Not exactly because implies we are just going to do something zone-like
to prevent kernel allocations ever using unpluggable memory in which
case we should just use zones.

The idea instead would be that unmovable allocations would reside at the
lower PFNs only but not 100% strictly enforced. I group MAX_ORDER_NR_PAGES
together based on their type of allocation but selecting which block of
pages to use for an allocation type is relatively rare because we depend on
the free-lists to contain free pages of a specific type.

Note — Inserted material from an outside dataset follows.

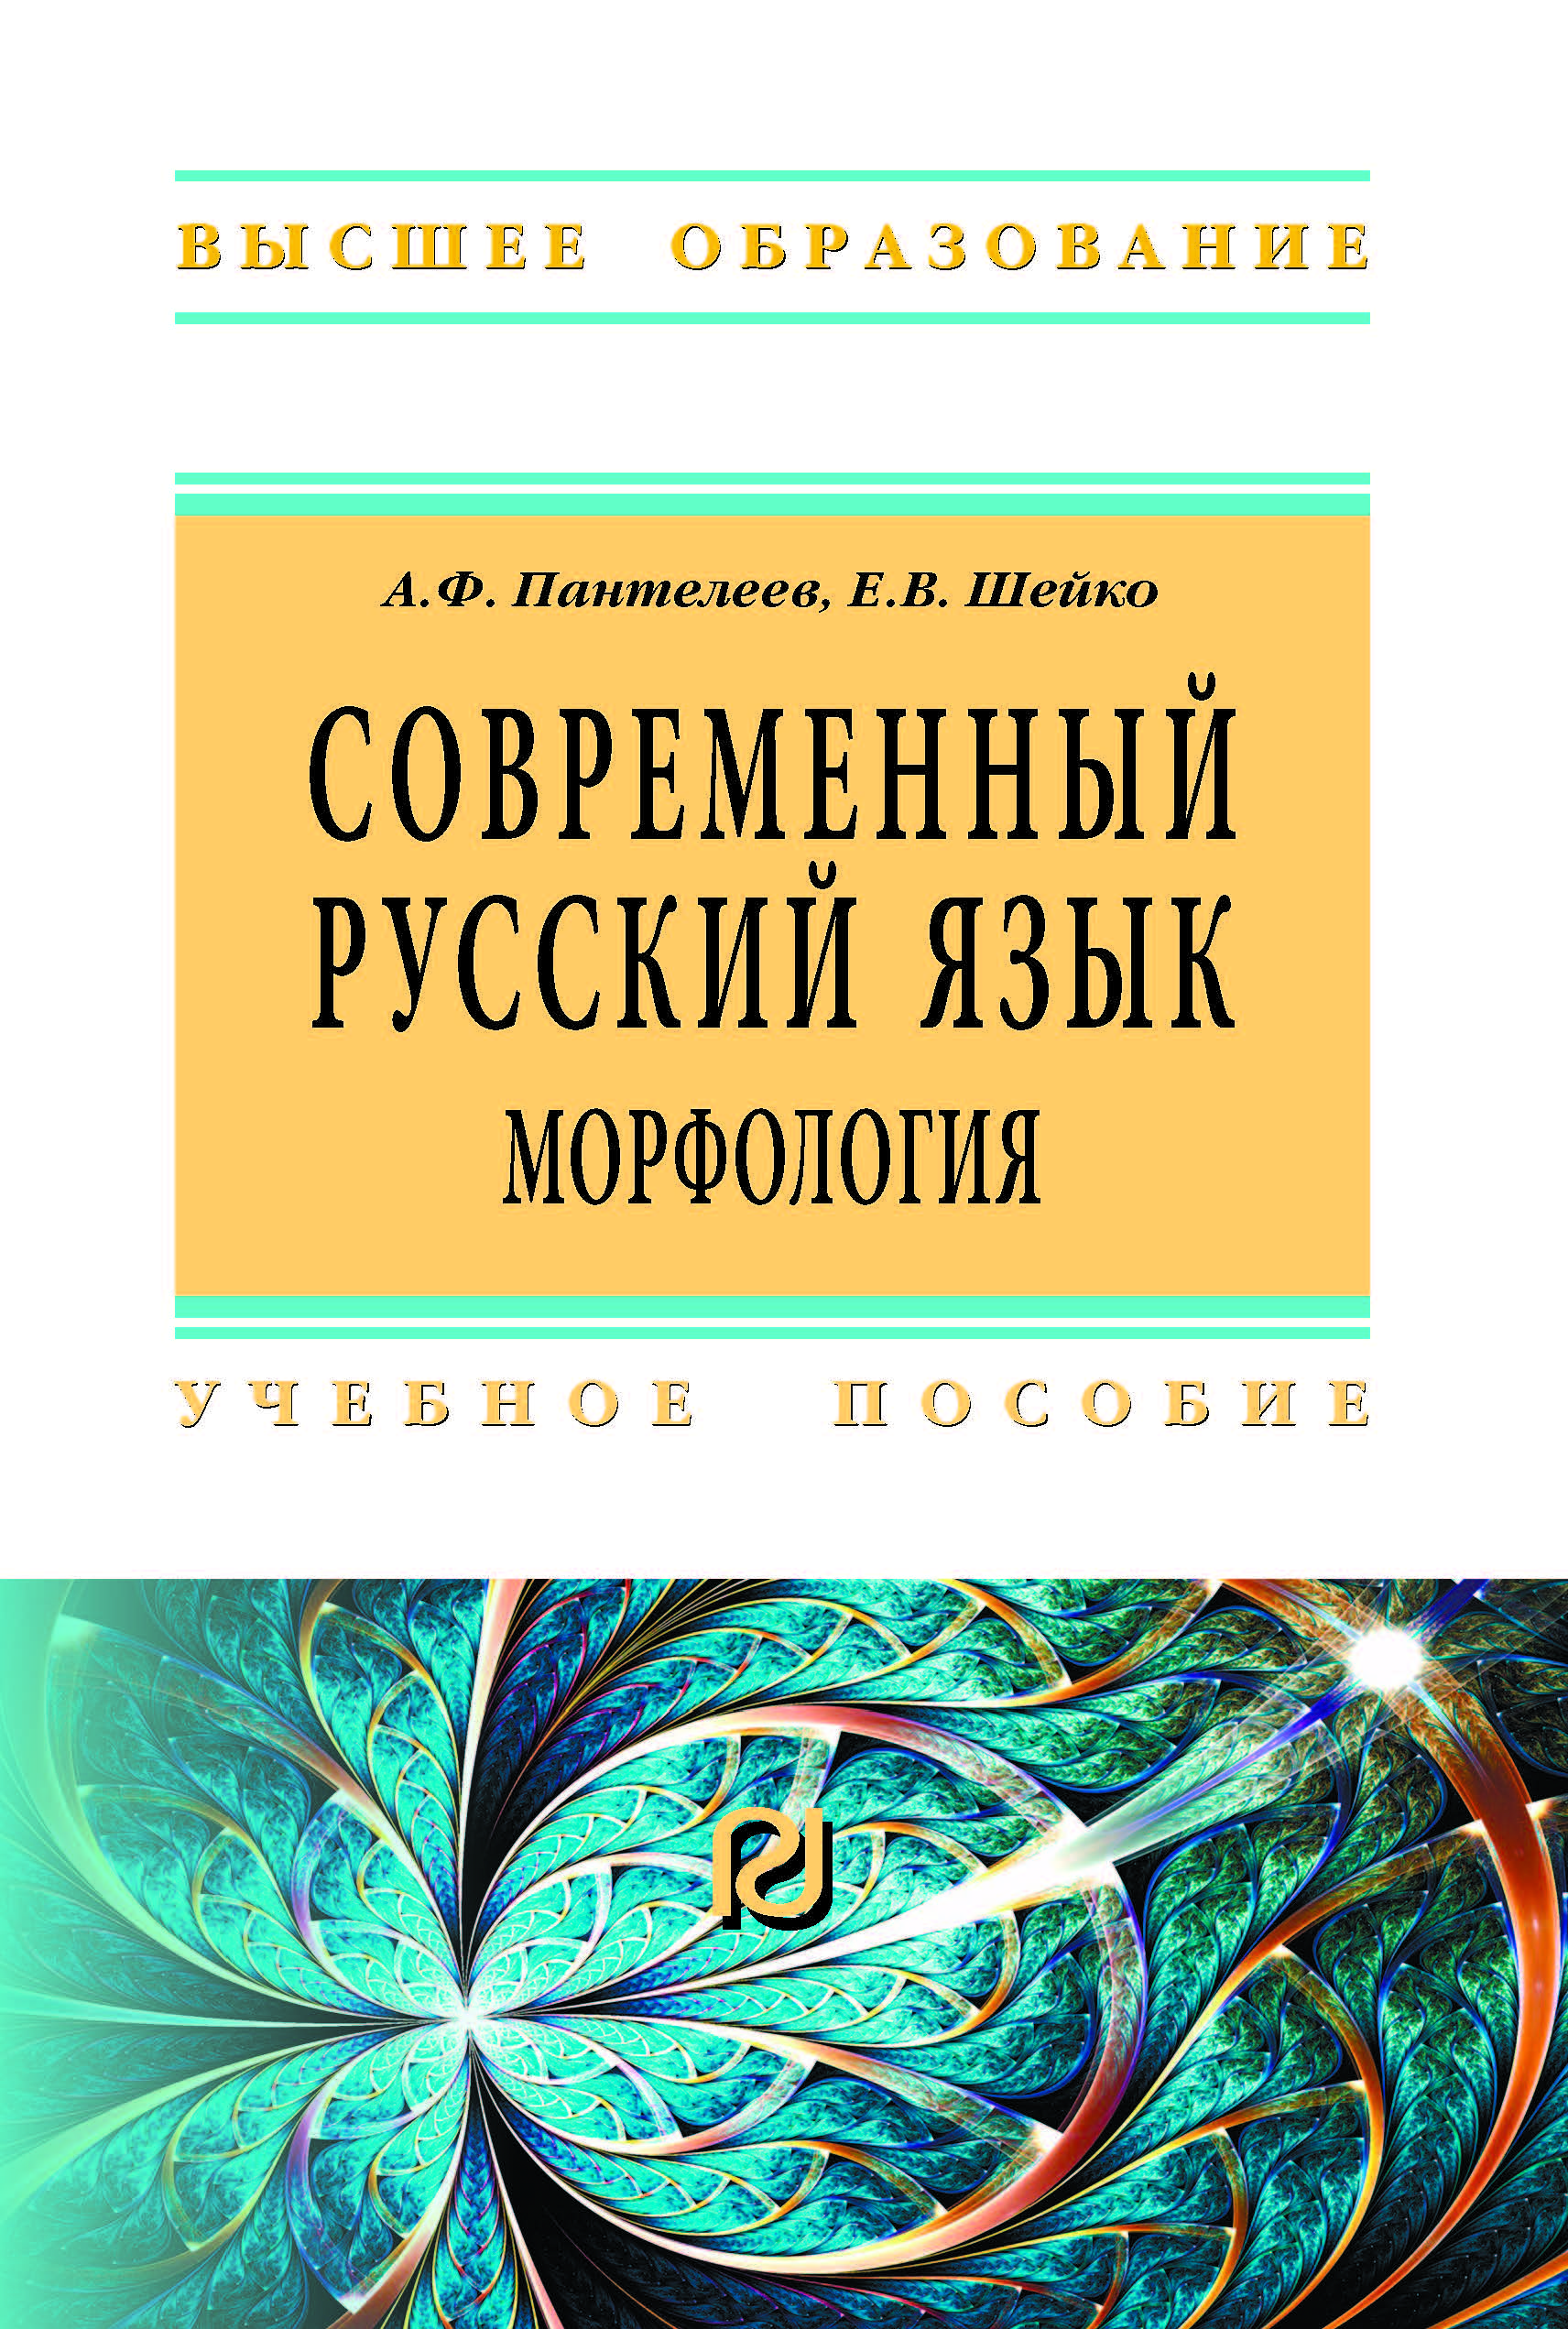                         Modern Russian language: Morphology
            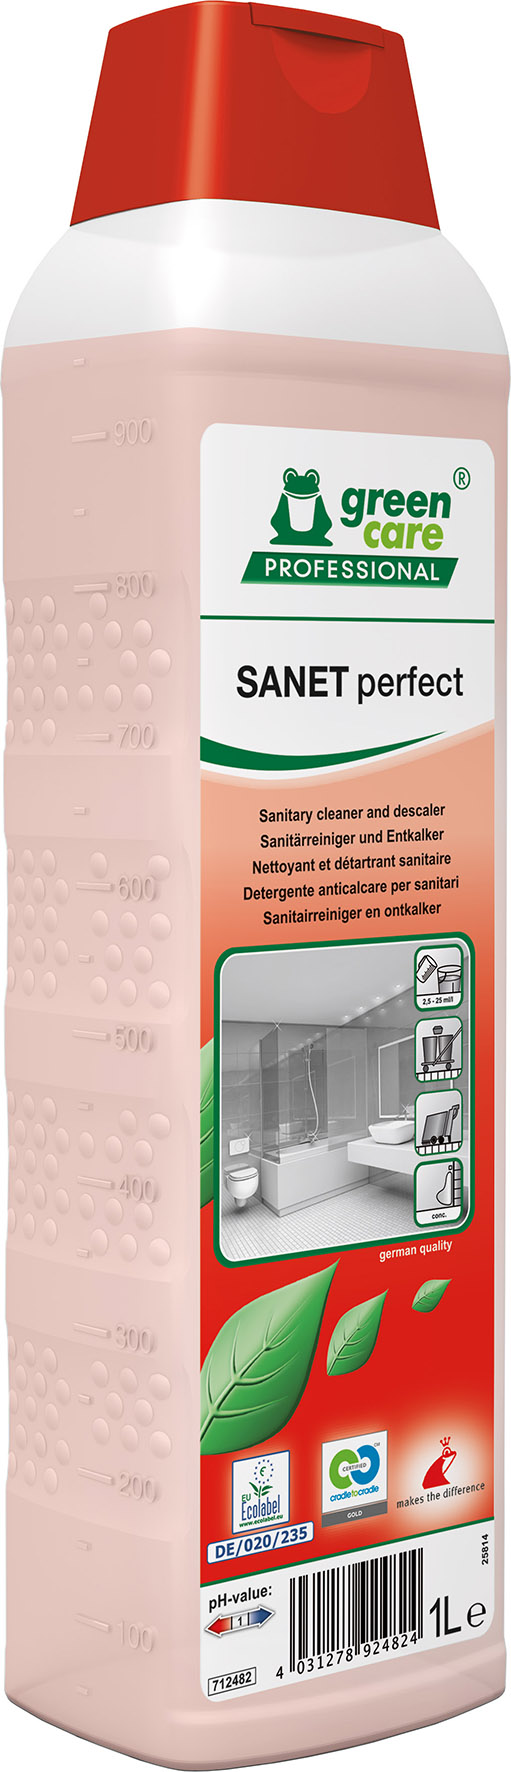 [2260552] Sanitetsrent SANET perfect 1L

The failure case is where at some point during the lifetime of the system,
there were a very large number of active unmovable allocations that scattered
throughout the address space (large number of processes with large numbers
of page tables might trigger it). When that happens, anti-frag would have
failed to offline large portions of memory simply because of the workloads
quantity of unmovable pages was too large and it fell back rather than
going OOM due to zone restrictions.

>
> > > > Then we should be doing some work to cut down the number of unmovable
> > > > allocations.
> > >
> > > That's rather pointless. A feature is either reliable or it is not. We'll
> > > never be able to make all kernel allocations reclaimable/moveable so we'll
> > > never be reliable with this approach. I don't see any alternative to the
> > > never-allocate-kernel-objects-in-removeable-memory approach.
> >
> > What feature are you talking about?
>
> Memory hot-unplug, of course.
>
> > Why would all allocations need to be movable when we have a portion for
> > unmovable allocations?
>
> So you're proposing that we take a single zone, then divide that zone up
> into two sections. One section is non-hot-unpluggable and is for
> un-moveable allocations. The other section is hot-unpluggable and only
> moveable allocations may be performed there.
>
> If so, then this will require addition of new infrastructure which will be
> to some extent duplicative of zones and I see no reason to do that: it'd be
> simpler to divide the physical memory arena into two separate zones.
>
> If that is not what you are proposing then please tell us what you are
> proposing, completely, and with sufficient detail for us to work out what
> the heck you're trying to tell us. Please try to avoid uninformative
> rhetorical questions, for they are starting to get quite irritating.
> Thanks.

Anti-frag groups pages based on type (unmovable, reapable, movable). Each
type has it's own set of free-lists which we use as much as possible. When
those lists deplete, we look at the free-lists for the other types, steal
a free block and put it on the requested allocations free lists.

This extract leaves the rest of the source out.